Drawing on the National Cancer Institute’s SEER-21 data from 2017 to 2022 and SEER-Medicare claims from 2012 to 2021, the analysis projects DLBCL incidence rising 7%—from approximately 28,800 new cases in 2023 to 30,800 by 2032—with first-line treatment-eligible patients growing from 33,120 to 35,523. MCL incidence is projected to grow by 6% overall, with a 43% increase among women, from 920 to 1318 annual cases, and a 33% increase among patients aged younger than 65, signaling demographic shifts that will challenge existing care models and payer budgeting.

Data Reveal Racial Disparities in Oncology Pain Prescribing: Ila Struti, MPH

Real-world data from community oncology settings reveal significant racial disparities in cancer pain management, according to a study presented at the 2026 American Society of Clinical Oncology Annual Meeting by Ila Sruti, MPH, outcomes researcher at Ontada.

Among patients with breast cancer, the median time to first pain medication was 65 days for White patients, 79 days for Asian patients, and 80 days for Black patients.

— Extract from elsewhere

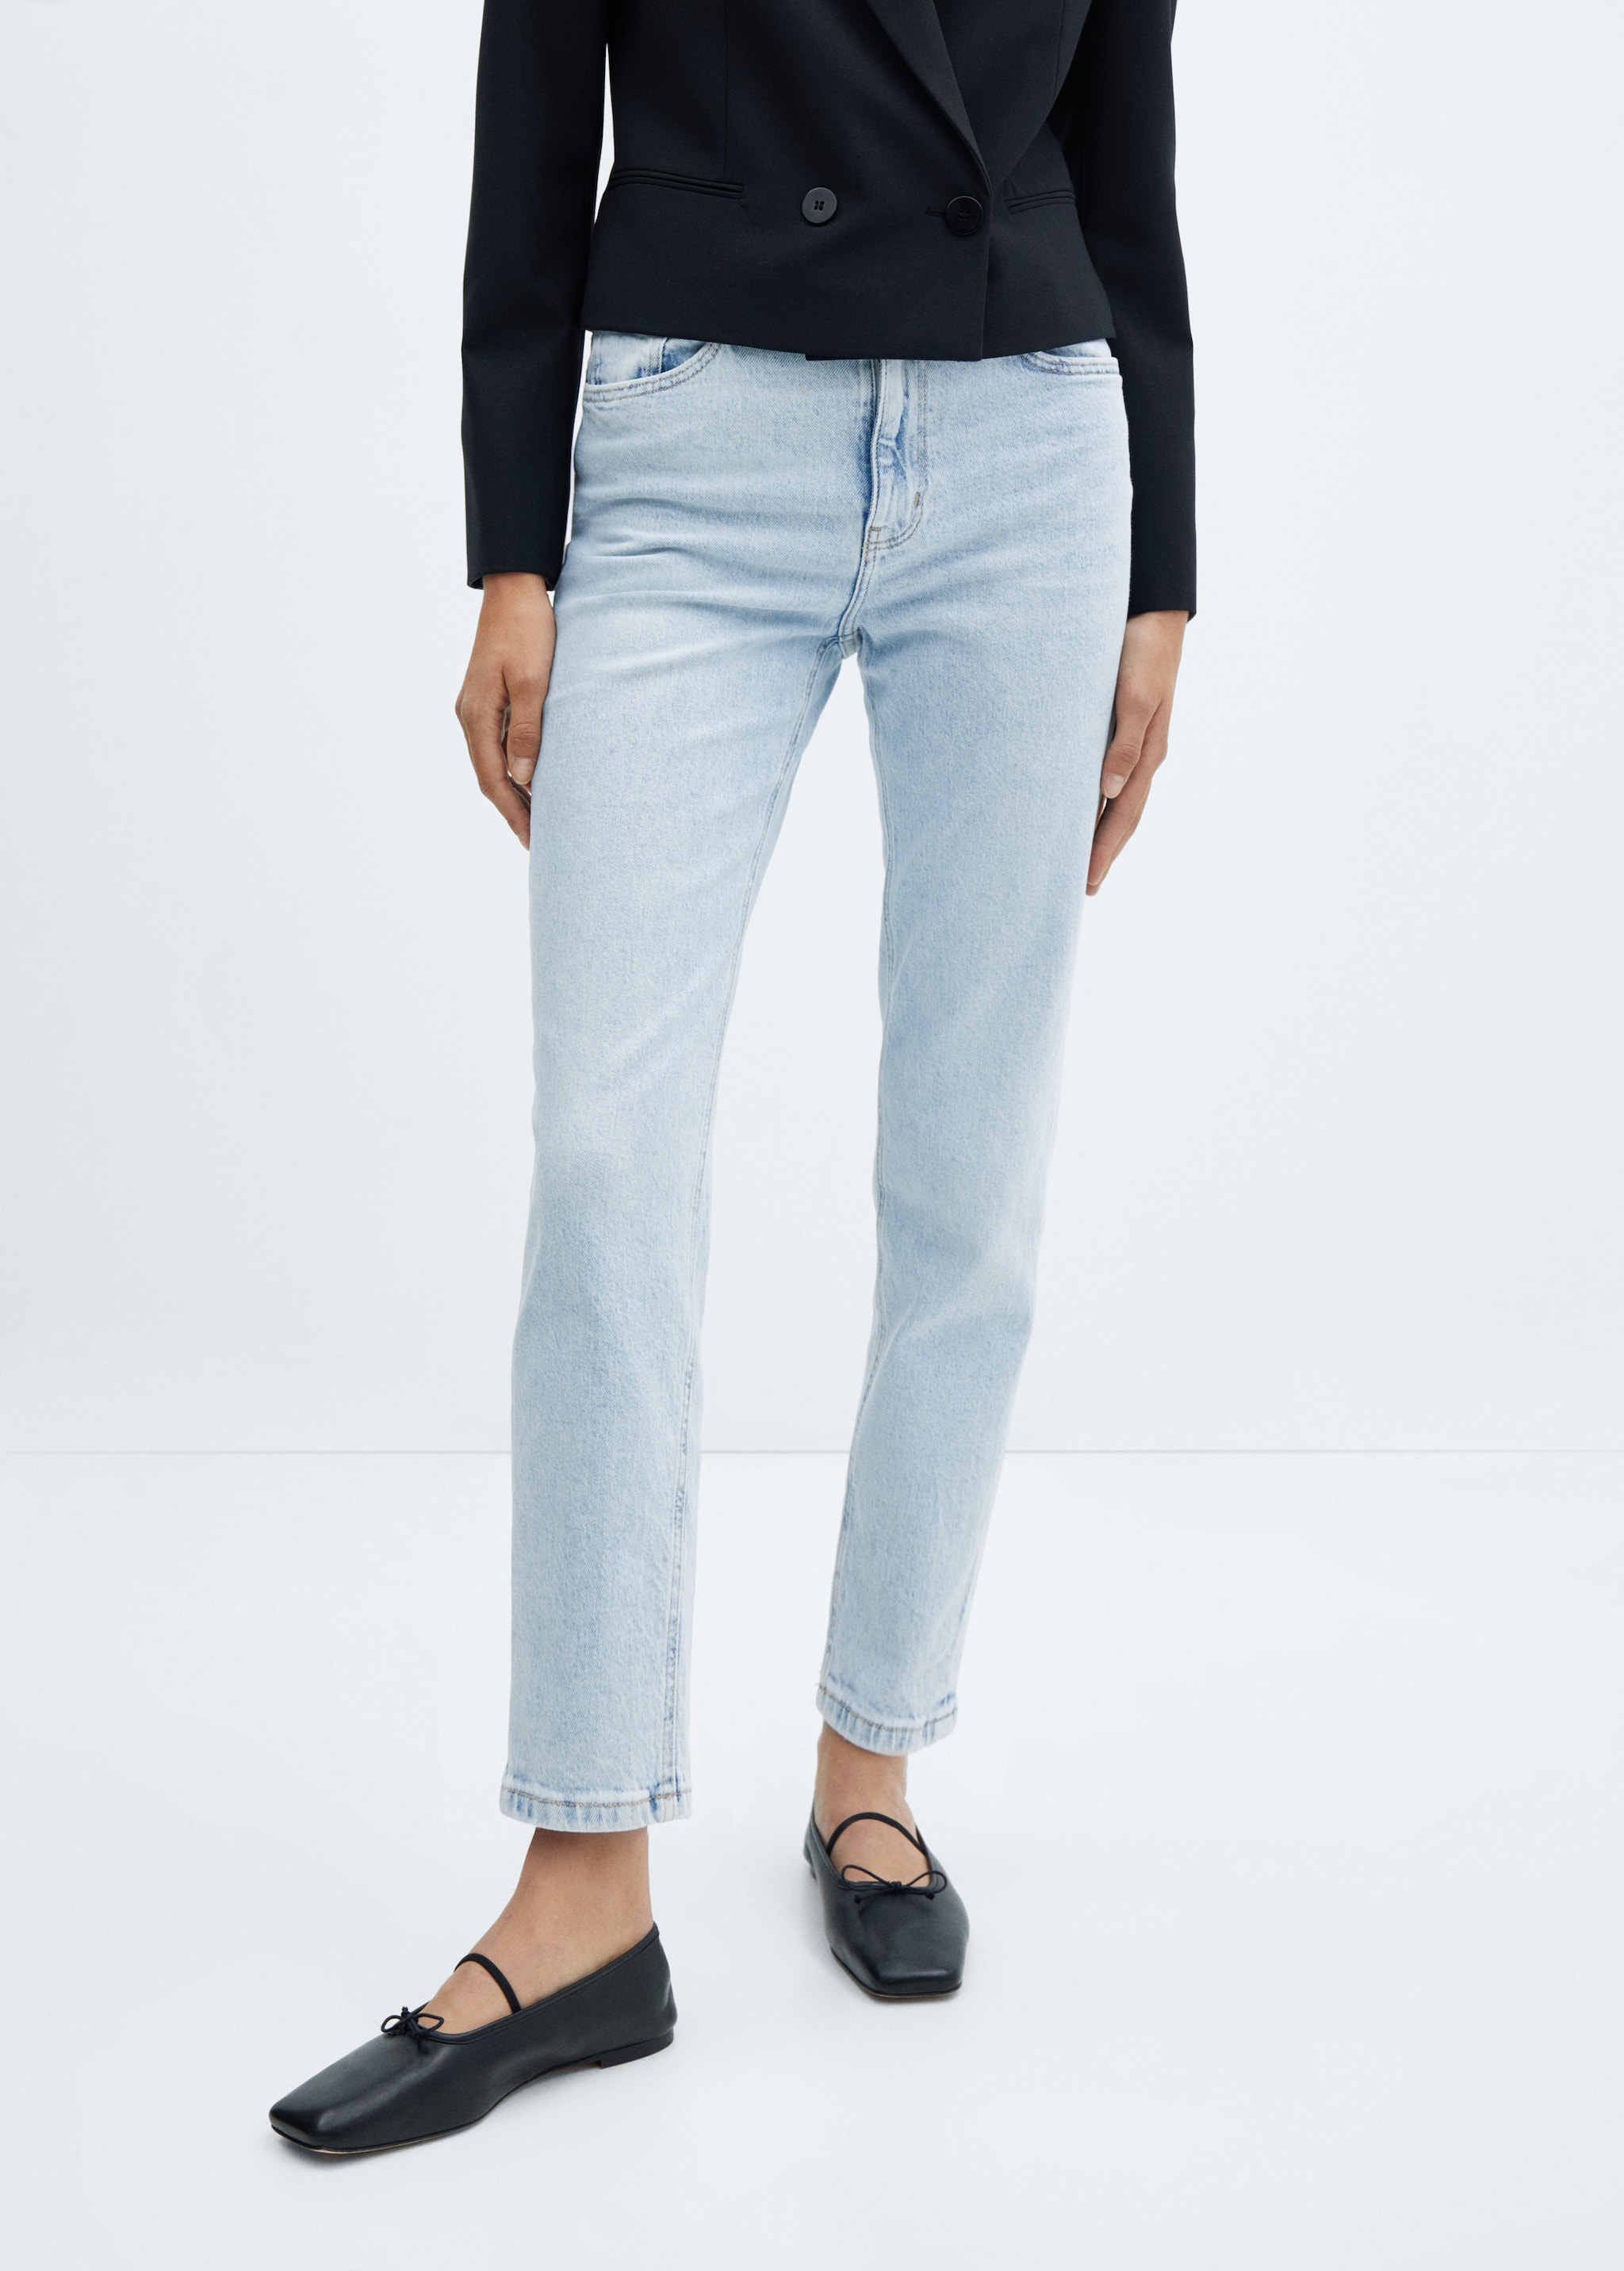 Jeans Newmom confort tiro alto - Plano medio

Strong opioids were prescribed to 35% of White patients with breast cancer, 32% of Black patients, and 28% of Asian patients—a gap that persisted across cancer types, narrowing only in pancreatic cancer, where high pain burden drives more standardized prescribing pathways.

Rewriting the AML Treatment Playbook: Tina Bhatnagar, DO

Acute myeloid leukemia (AML) has been reconceptualized from a single disease entity with few treatment options to a collection of molecularly distinct diagnoses supported by 10 approved drugs across 17 indications in the AML and acute lymphoblastic leukemia (ALL) space, according to Bhavana “Tina” Bhatnagar, DO, associate professor of medicine at West Virginia University Cancer Institute at Wheeling Hospital, speaking on episode 2 of the Managed Care Cast limited series Director’s Cut.

As former director of hematology and medical oncology, Bhatnagar focused on elevating care standards in a rural, underserved community and expanding clinical trial access, countering widespread misconceptions that trial participation represents experimentation rather than a pathway to emerging therapies.

Social Factors May Match, Outpace Genetic Risk in Disease Prediction

Social, behavioral, and environmental factors can contribute as much as—or more than—polygenic risk scores to predicting common disease, according to a study from the Icahn School of Medicine at Mount Sinai published in The American Journal of Human Genetics.

Investigators analyzed data from 413,457 All of Us Research Program participants, finding that adding social determinants of health (SDOH) embeddings—derived from more than 100 survey variables—improved disease risk model discrimination by 0.007 to 0.027 in the area under the curve across 6 conditions. For asthma, chronic kidney disease, congenital heart disease, and hypercholesterolemia, SDOH contributed as much as or more than polygenic scores, and the 2 risk types appeared largely additive, suggesting social interventions can reduce disease risk regardless of a patient’s genetic background.